Users will be able to add Geriatric Nursing Assessment. They can do so by first selecting a client. Click on Client > Client Listing
The user will be able to see the list of clients. Edit on a selected client by clicking on the client name.
Click on the Nursing Care / Reports icon
Click on Admission / Regular Assessment and Plans > MDT Meeting Record
Click on Add MDT Meeting Record.
The user can now click add a new MDT Meeting Record.
The user can add Review Date, Discharge Plan as well as any Discussion notes.

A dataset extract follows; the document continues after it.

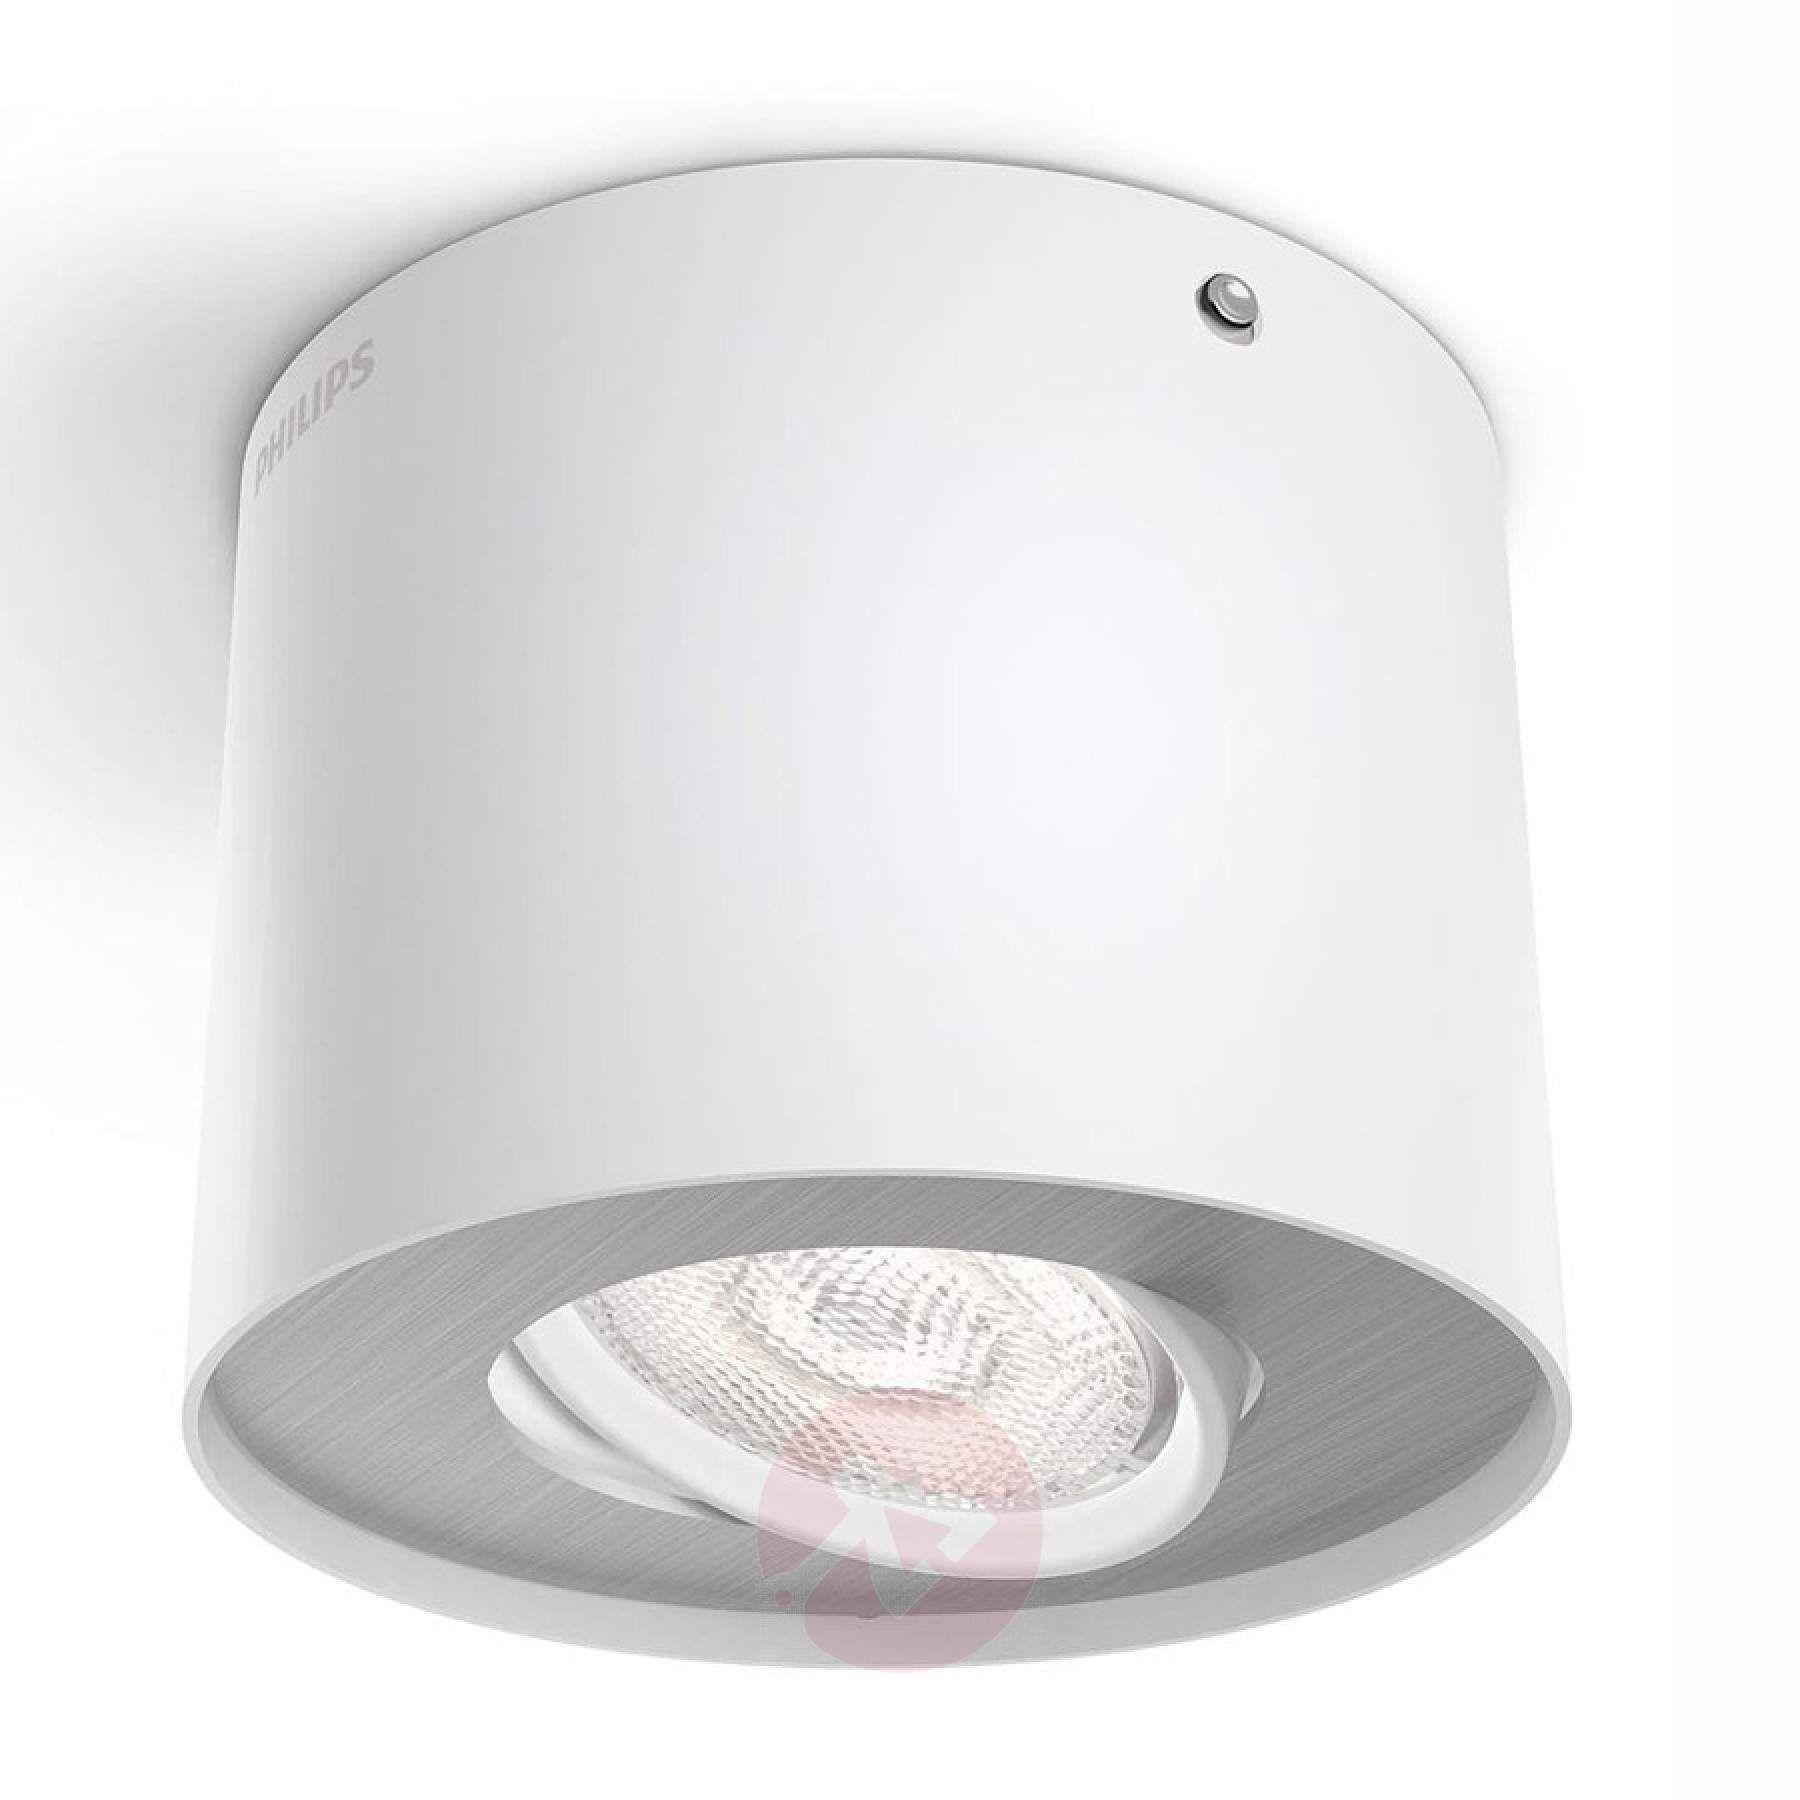 Philips Phase Led Downlight Weiss 1 Flammig Kaufen Lampenwelt De In 2020 Led Deckenstrahler Led Strahler Led
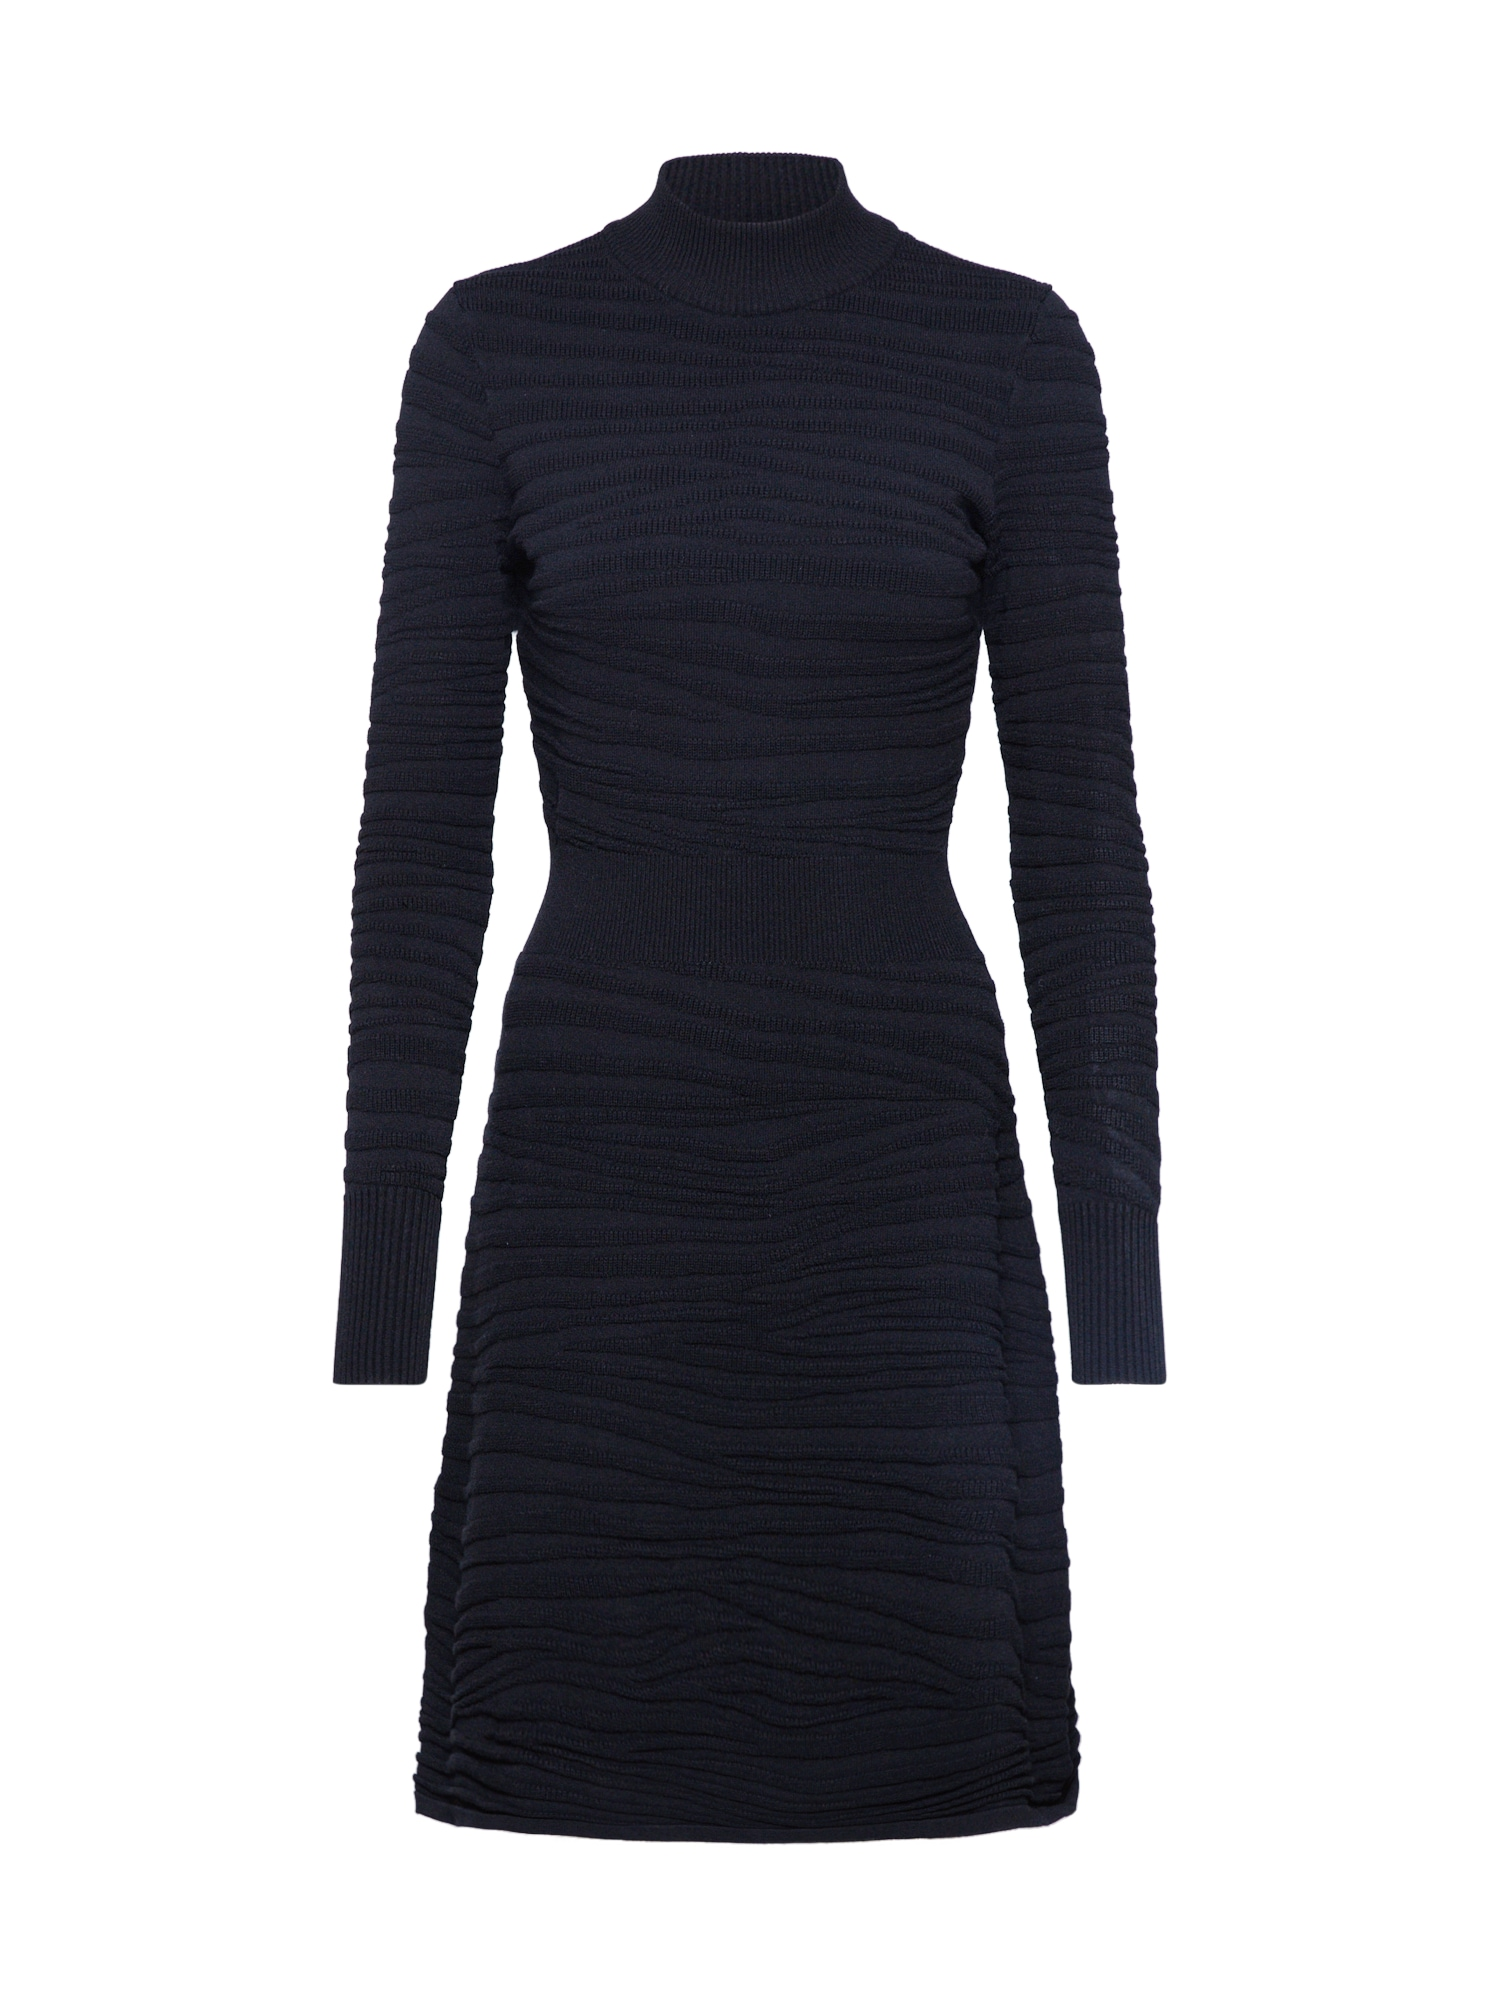 HUGO Megzta suknelė 'Sumeeya' juoda

There are 4 sections of the form.
Individualized Care Planning Record (ICP) - Social Work
Individualized Care Planning Record (ICP) - Nursing and Medical
Individualized Care Planning Record (ICP) - Physiotherapy
Individualized Care Planning Record (ICP) - Occupational Therapy
Each section of the form allows for
Assessment
Long Term Goal
Short Term Goal
Intervention
Remarks
Setting a status for the form
Review Date
Done By which user
Once Saved as Draft or Submitted, the record will be stored in system.
As the form is long, the user is able to Save as Draft and come back to add additional details when required by clicking on the icon to re-edit the form.
The user can also duplicate a form by clicking on the icon.
Once Submitted it will be routed to the approval person. The status will be changed to Pending Approval.
The user can continue to the form even if status is Pending Approval.
Once Approved, the status will be changed to Active. The form is no longer editable or deletable if the its Active.
Only DRAFT forms are editable. Submitted forms will not be editable.